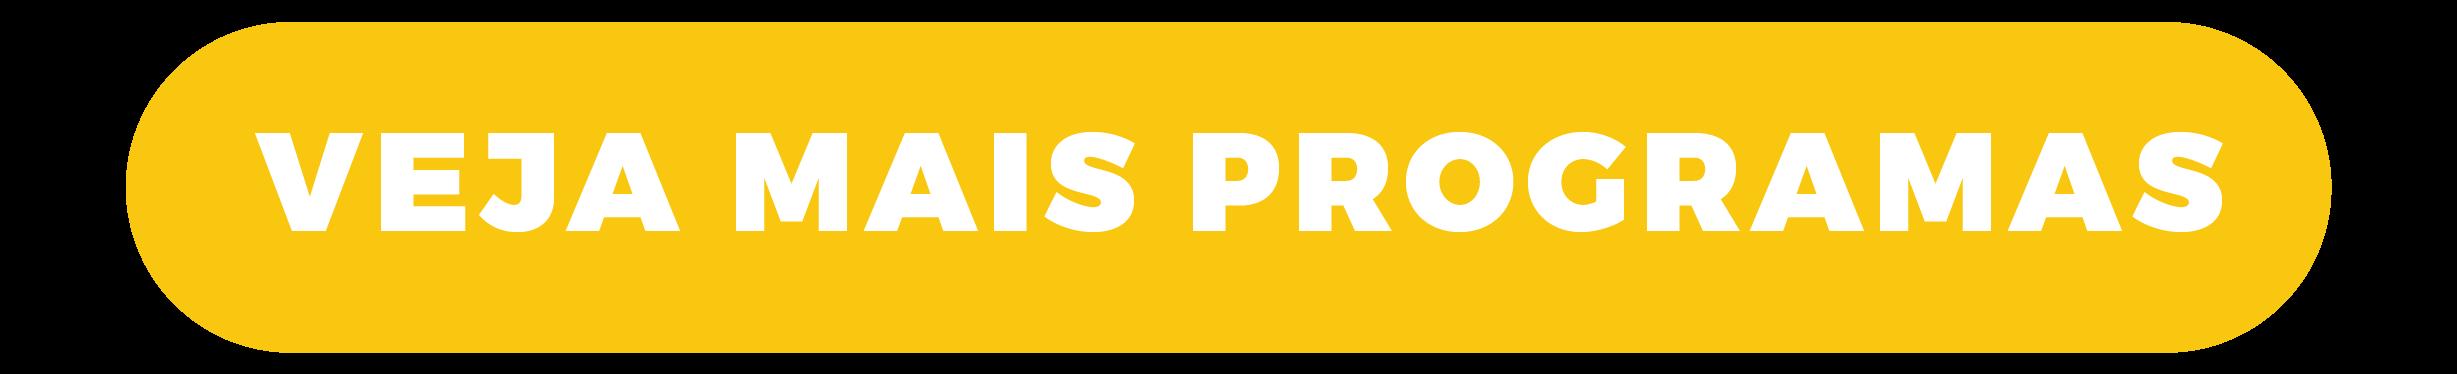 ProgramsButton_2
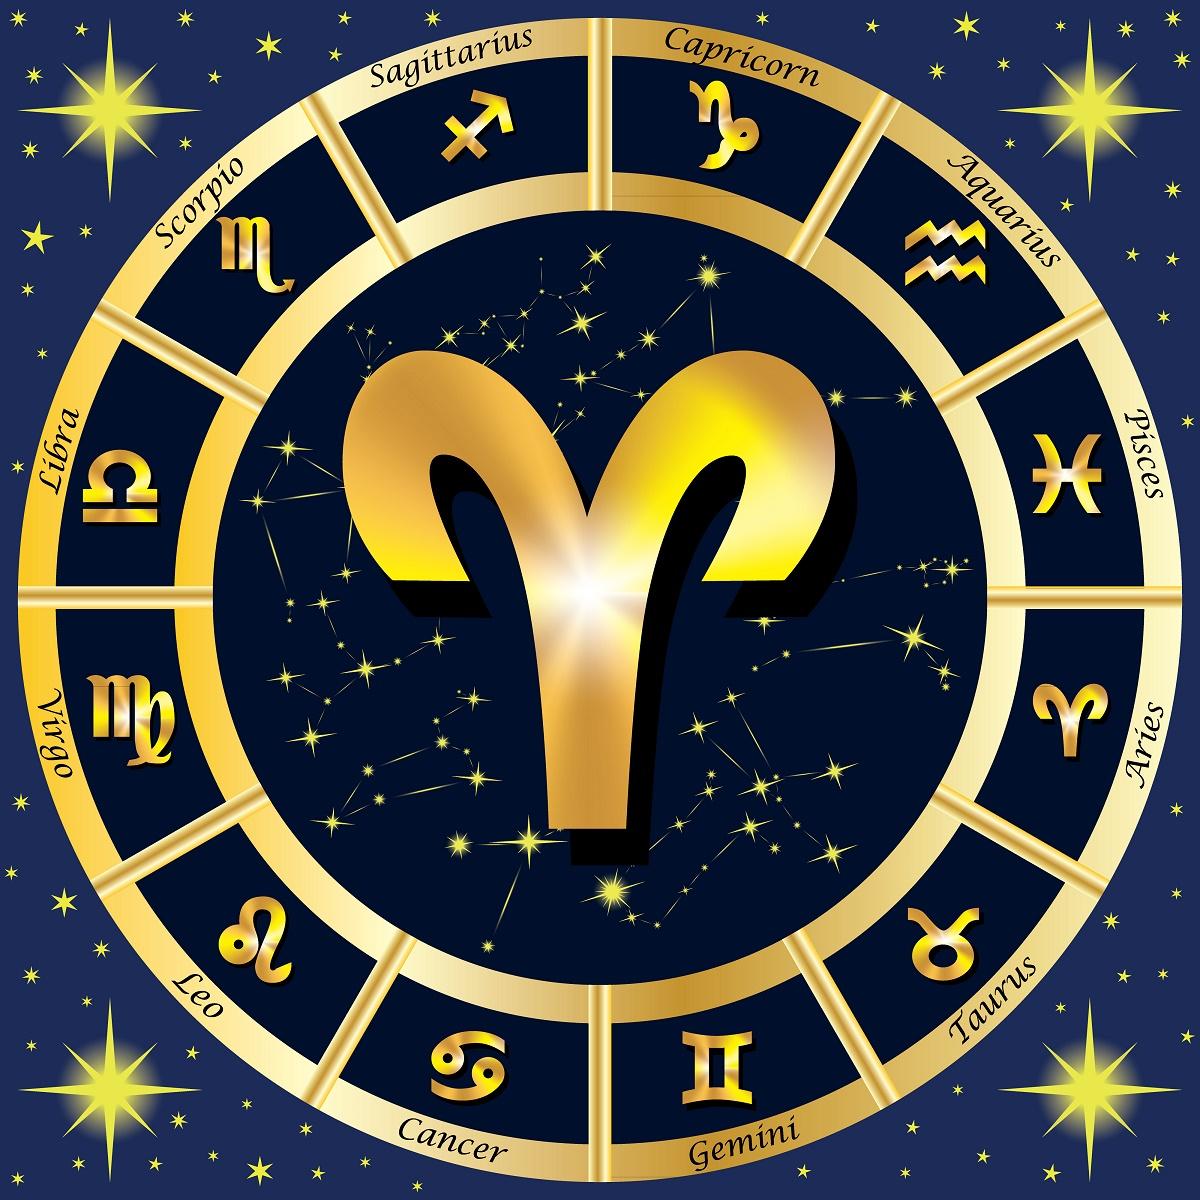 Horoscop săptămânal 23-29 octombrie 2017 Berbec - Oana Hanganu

==============================

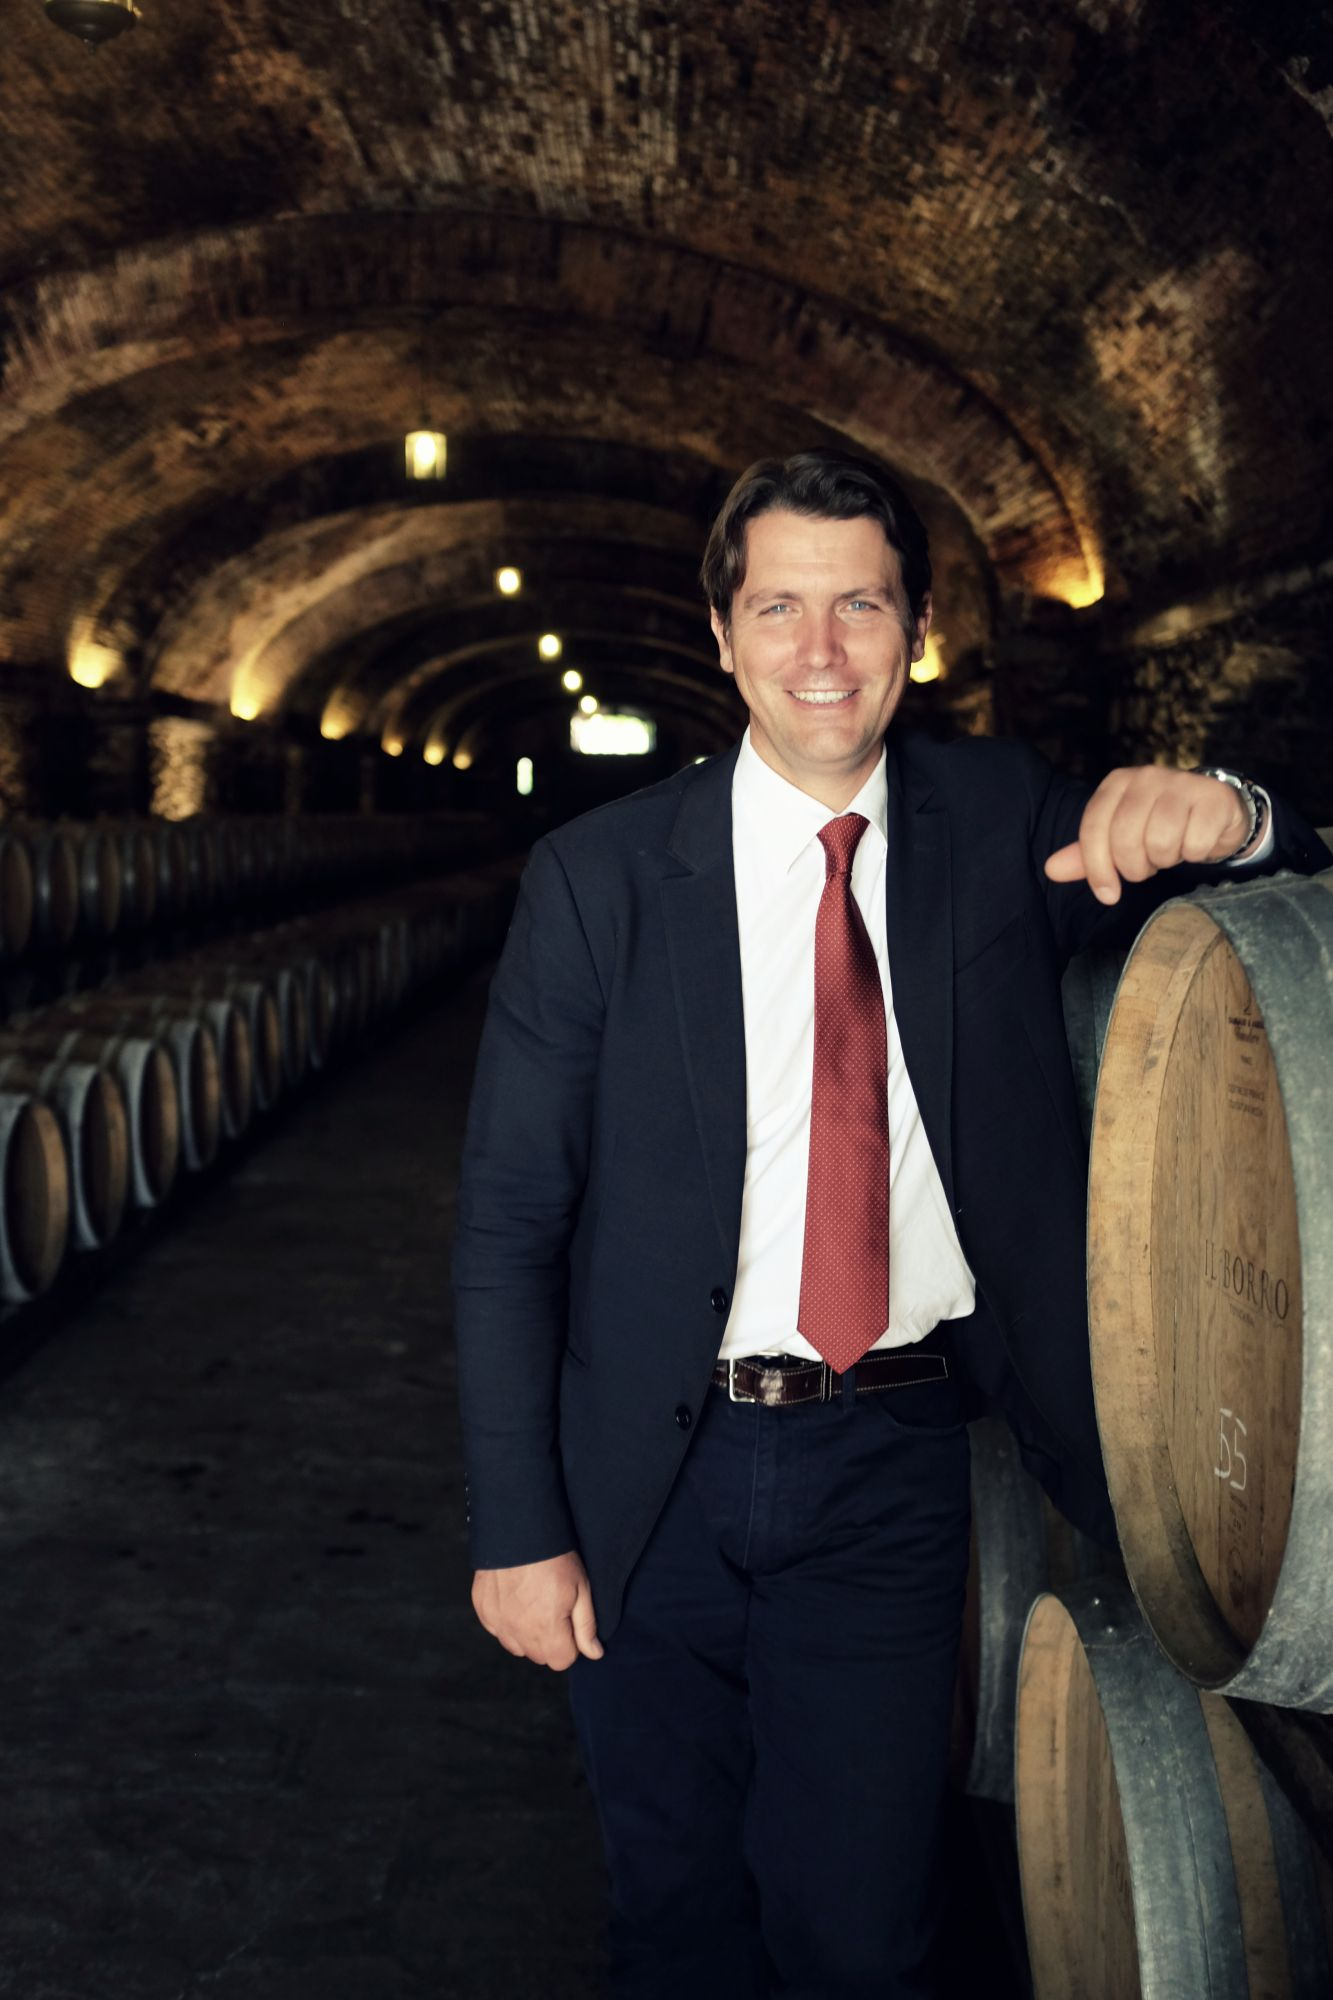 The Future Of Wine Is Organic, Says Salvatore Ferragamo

==============================

**Aim of the exercise:** If a picture sits between the line containing "ProgramsButton_2" and the line containing "Horoscop săptămânal 23-29", leave it out, and return the lines of that range above exactly, both ends included.

**Answer box:**
 ProgramsButton_2
 Horoscop săptămânal 23-29 octombrie 2017 Berbec - Oana Hanganu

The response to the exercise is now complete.